Motivata in parte dall’aumento dei contagi nel territorio triestino in seguito alle proteste no green-pass e definita anche dai giornali una «stretta sui cortei no-pass», la direttiva può in realtà andare a colpire qualsiasi libera espressione pubblica di pensiero, giusto?
Ci sono due dati fondamentali. Il primo, che adduce anche la Ministra nelle dichiarazioni che ha fatto per illustrare questo provvedimento, è il disagio causato nei centri storici, il motivo principe per cui fondamentalmente si svolgono dei cortei nei centri cittadini. Vietare questo è profondamente anti-democratico.

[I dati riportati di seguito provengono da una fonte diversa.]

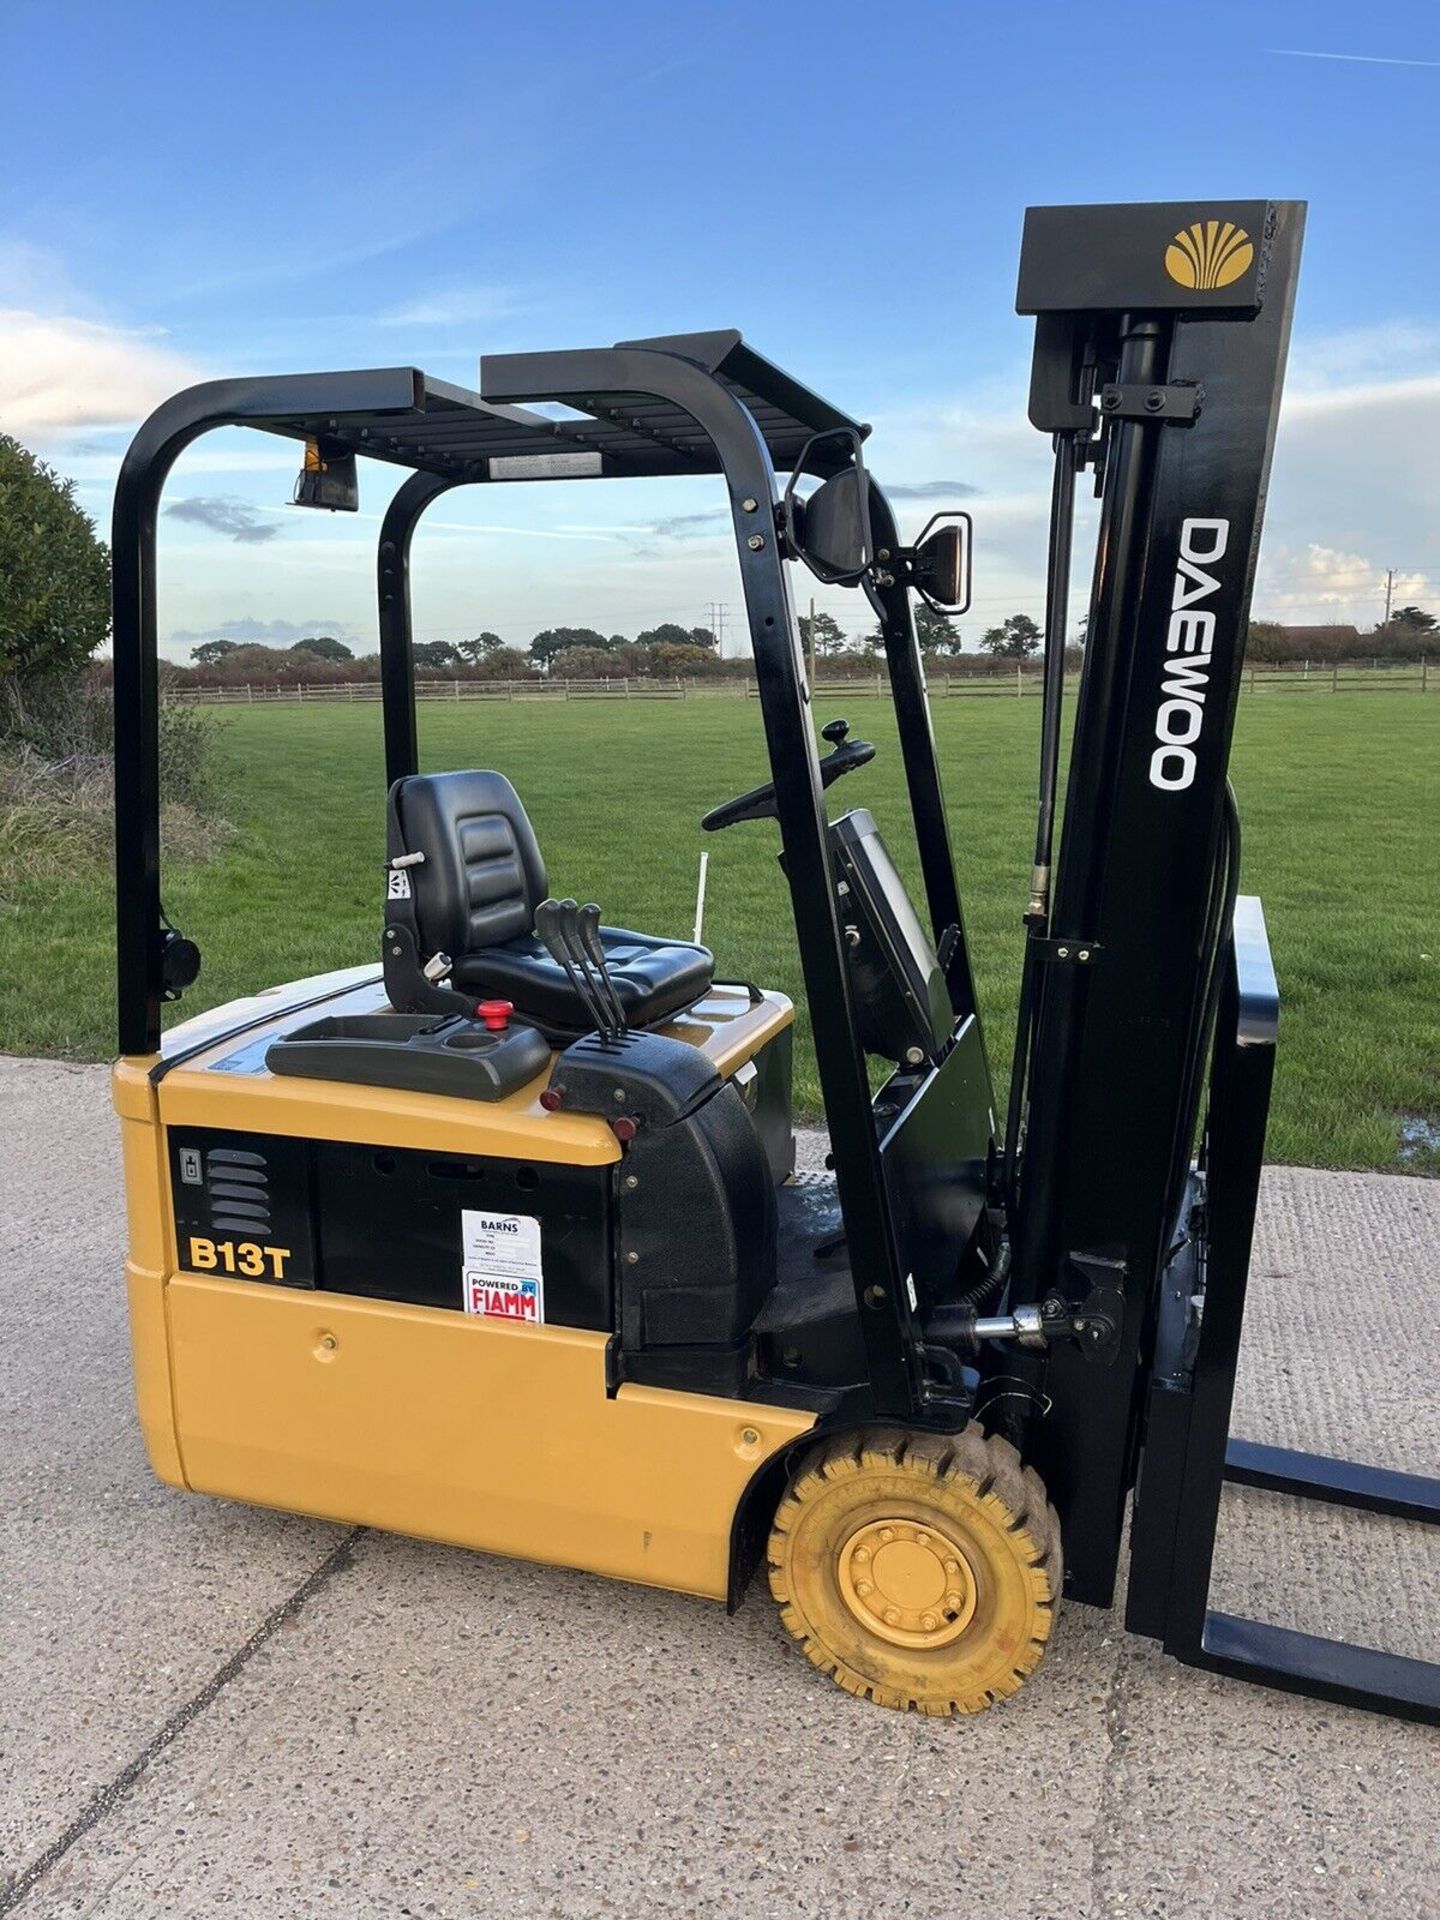 DEAWOO, 1.3 Electric Forklift Truck (Container Spec)

Poi si parla del rischio epidemico. Però questo rischio, ex ante, non è preventivabile: lo è solo se messo già in evidenza nelle modalità indicate nel preavviso della manifestazione. Se dico che saremo tutti senza mascherina e non rispetteremo il distanziamento è un conto. Ma se dico, ex ante, che metterò in atto tutti i dispositivi atti a prevenire il diffondersi del contagio, allora è evidente che questa proibizione è assolutamente immotivata.

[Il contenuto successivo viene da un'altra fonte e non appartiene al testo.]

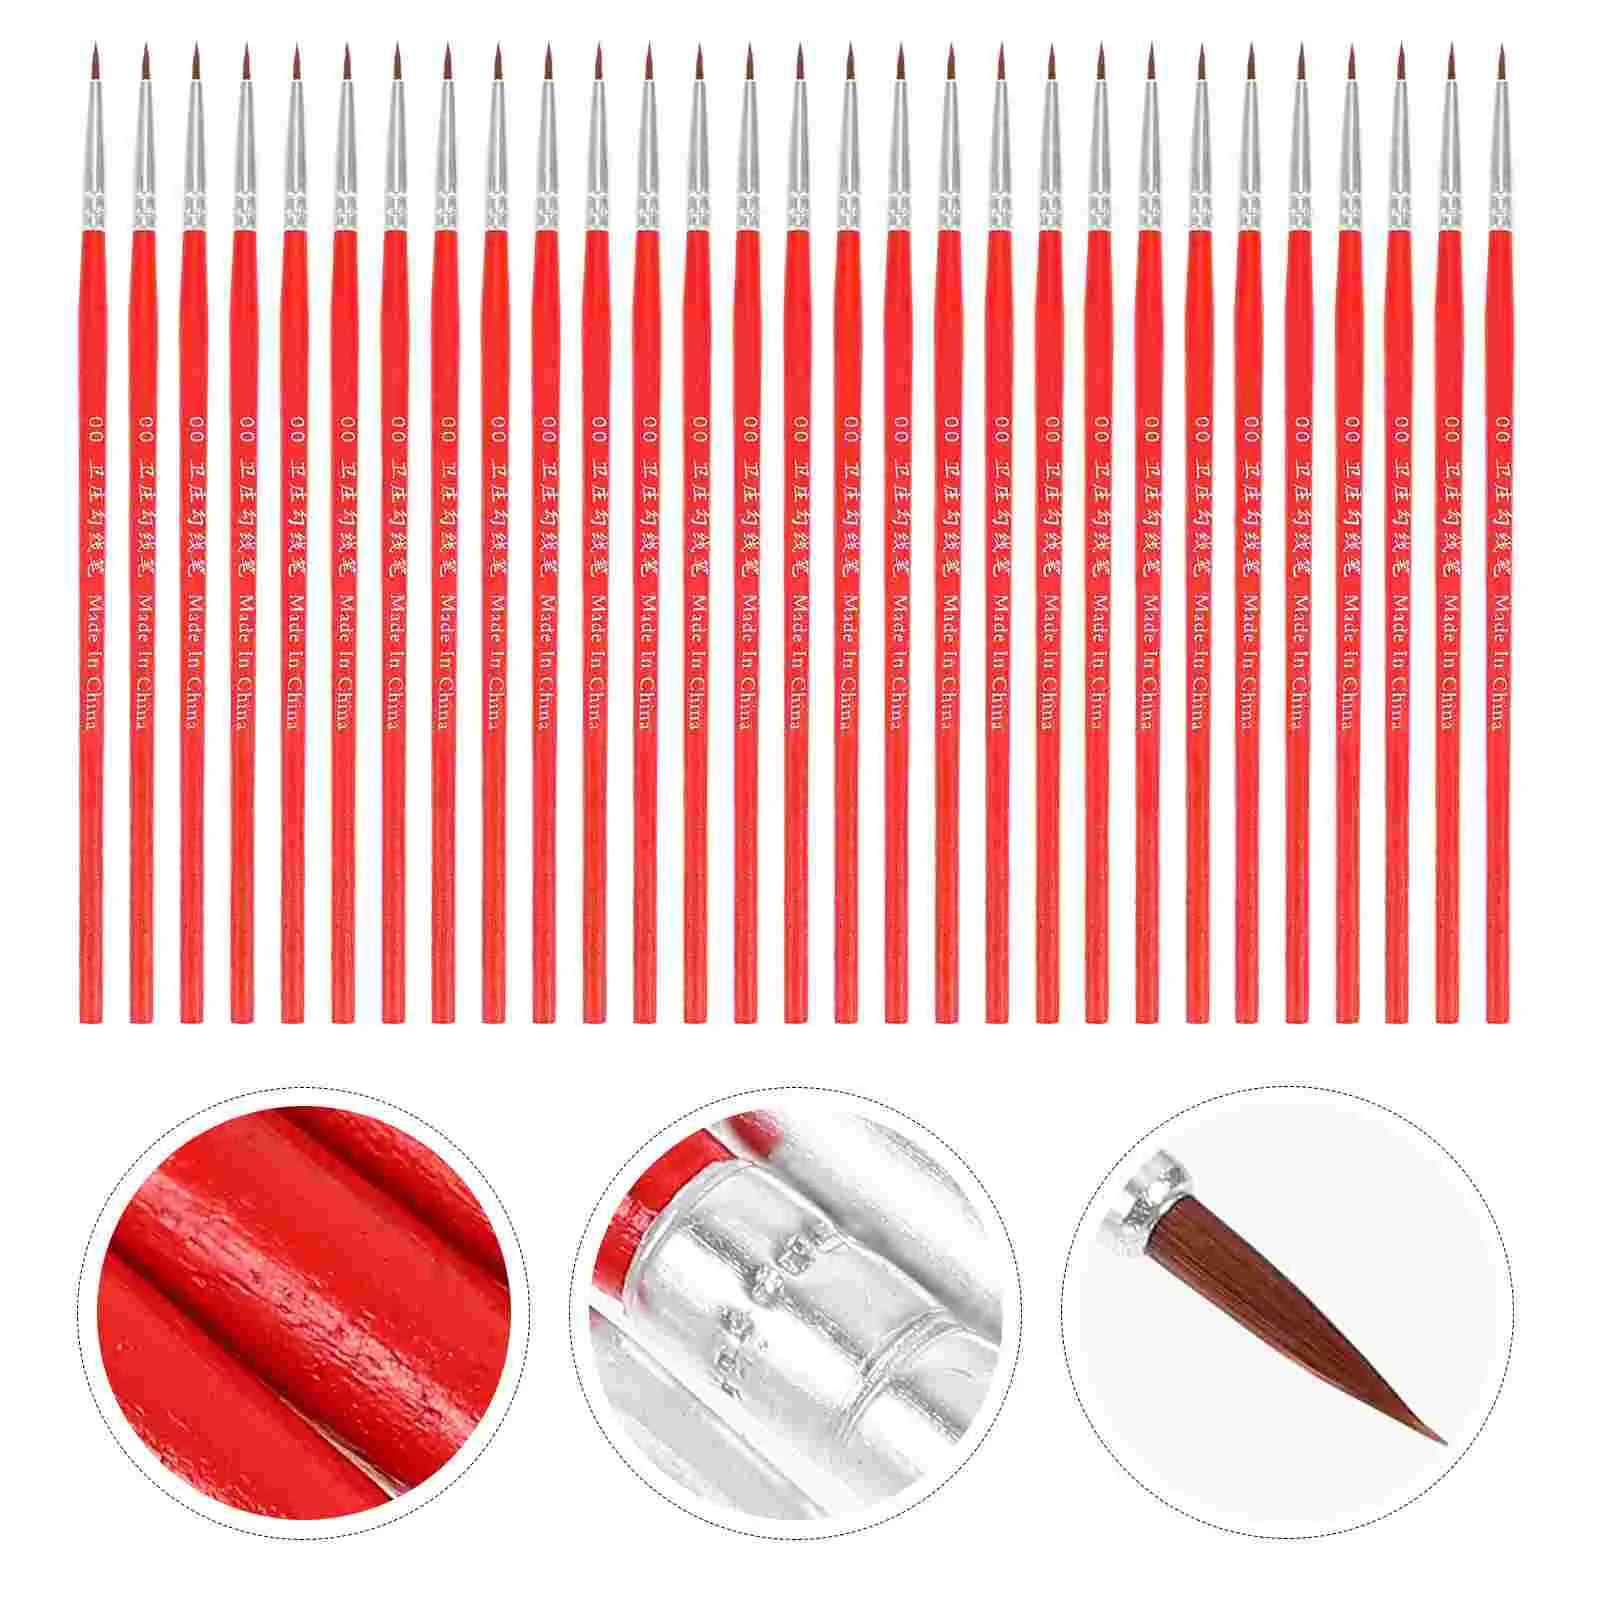 

100Pcs Detail Brush Miniature Painting Brushes Nylon Hair Brushes Brush for Watercolor Oil Nail Scale Model Painting Drawing (

(foto di Alessandro Stoppoloni)
La Ministra, nel presentare la direttiva, ha sostenuto che «il diritto di manifestare è costituzionalmente garantito ma esiste anche un bilanciamento dei diritti: si può manifestare ma servono regole che proteggano gli altri cittadini, il diritto al lavoro e il diritto alla salute». È giuridicamente corretto questo?
L’iniziativa economica privata è libera e prevista dall’articolo 41 della Costituzione, dunque non bisogna sottovalutare la situazione di chi ha un’attività economica e neanche dei possibili dipendenti, però nell’ottica di bilanciamento l’articolo 41 è chiarissimamente posto, dalle madri e dai padri costituenti, in posizione subordinata al diritto alla libera manifestazione di pensiero e al diritto di riunione, posto tra le libertà fondamentali. Non si può dunque pensare che la prima debba prevalere.

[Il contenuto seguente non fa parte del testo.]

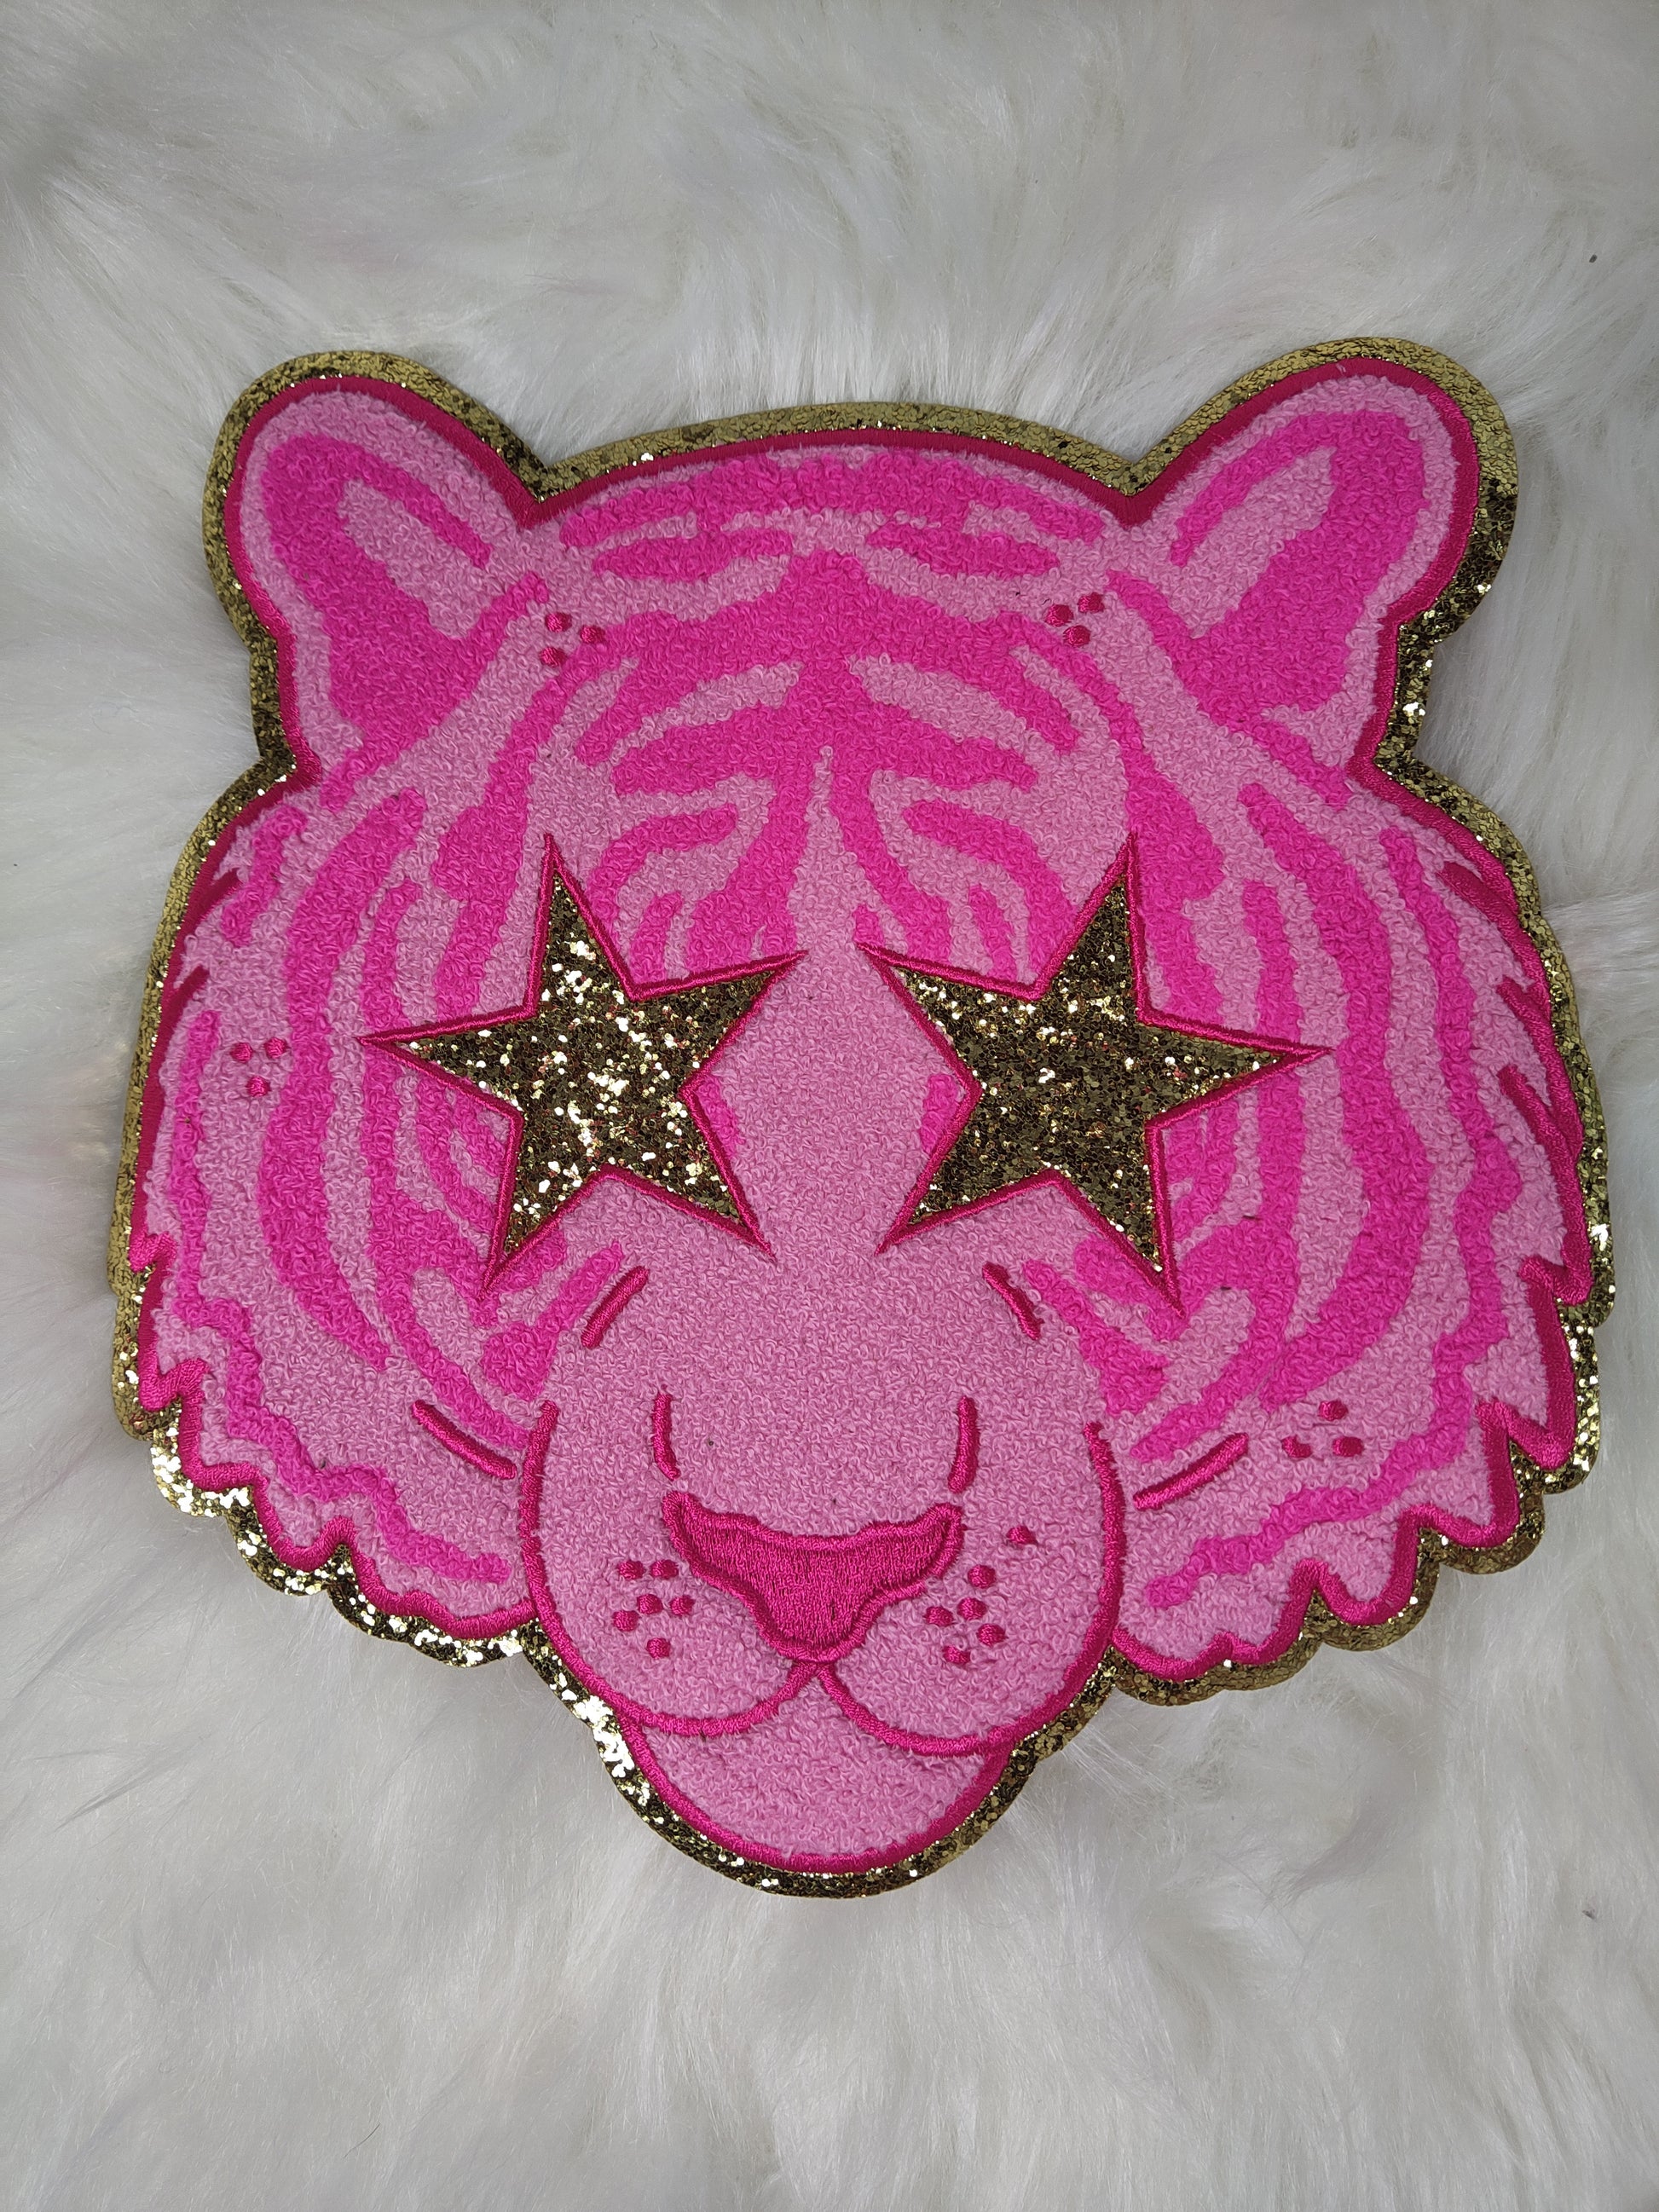 Pink Cheetah Applique Iron On Patches For Clothing Repair And

Questa è una lettura del tutto sbagliata che contestiamo con grande forza: sarebbe un brutto precedente quello per cui viene dato un primato all’economia rispetto alla libera manifestazione del pensiero. L’esercizio di una libertà fondamentale non può mai essere oggetto di contrattazione deteriore rispetto altri diritti o interessi.
È un operare che ancora una volta, fingendo di comparare i vari interessi e i vari diritti previsti dalla Costituzione, i vari bisogni e le varie necessità, le legittime aspirazioni dei cittadini, in realtà suggerisce subdolamente un’operazione chiara che è quella di restringere.
Questo nonostante, in Italia, le limitazioni per chi vuole manifestare siano già abbastanza…
Sì, il testo unico delle leggi di pubblica sicurezza è obsoleto e pre-costituzionale, anzi in aperto contrasto alla normativa costituzionale, poiché viene dall’epoca fascista. Inasprire ulteriormente la normativa tramite la restrizione degli spazi è immotivato e controproducente. Non produrrà gli effetti che promette e accentuerà contrasti che già ci sono e che andrebbero risolti politicamente.
C’è il rischio che soggetti dalla non specchiata e cristallina cultura dei diritti, che purtroppo non mancano nelle nostre istituzioni, possano recepire questo come un invito a sfogarsi, a dare mano libera alle proprie tentazioni di limitare gli spazi di democrazia. Questo è determinato anche dallo stesso strumento scelto: una direttiva è quanto di meno democratico e trasparente possa esserci perché elude il passaggio parlamentare. Se si vuole intervenire seriamente, lo si fa con una procedura molto più garantita e trasparente che passa attraverso il confronto, perlomeno tra quella che è la maggioranza di governo.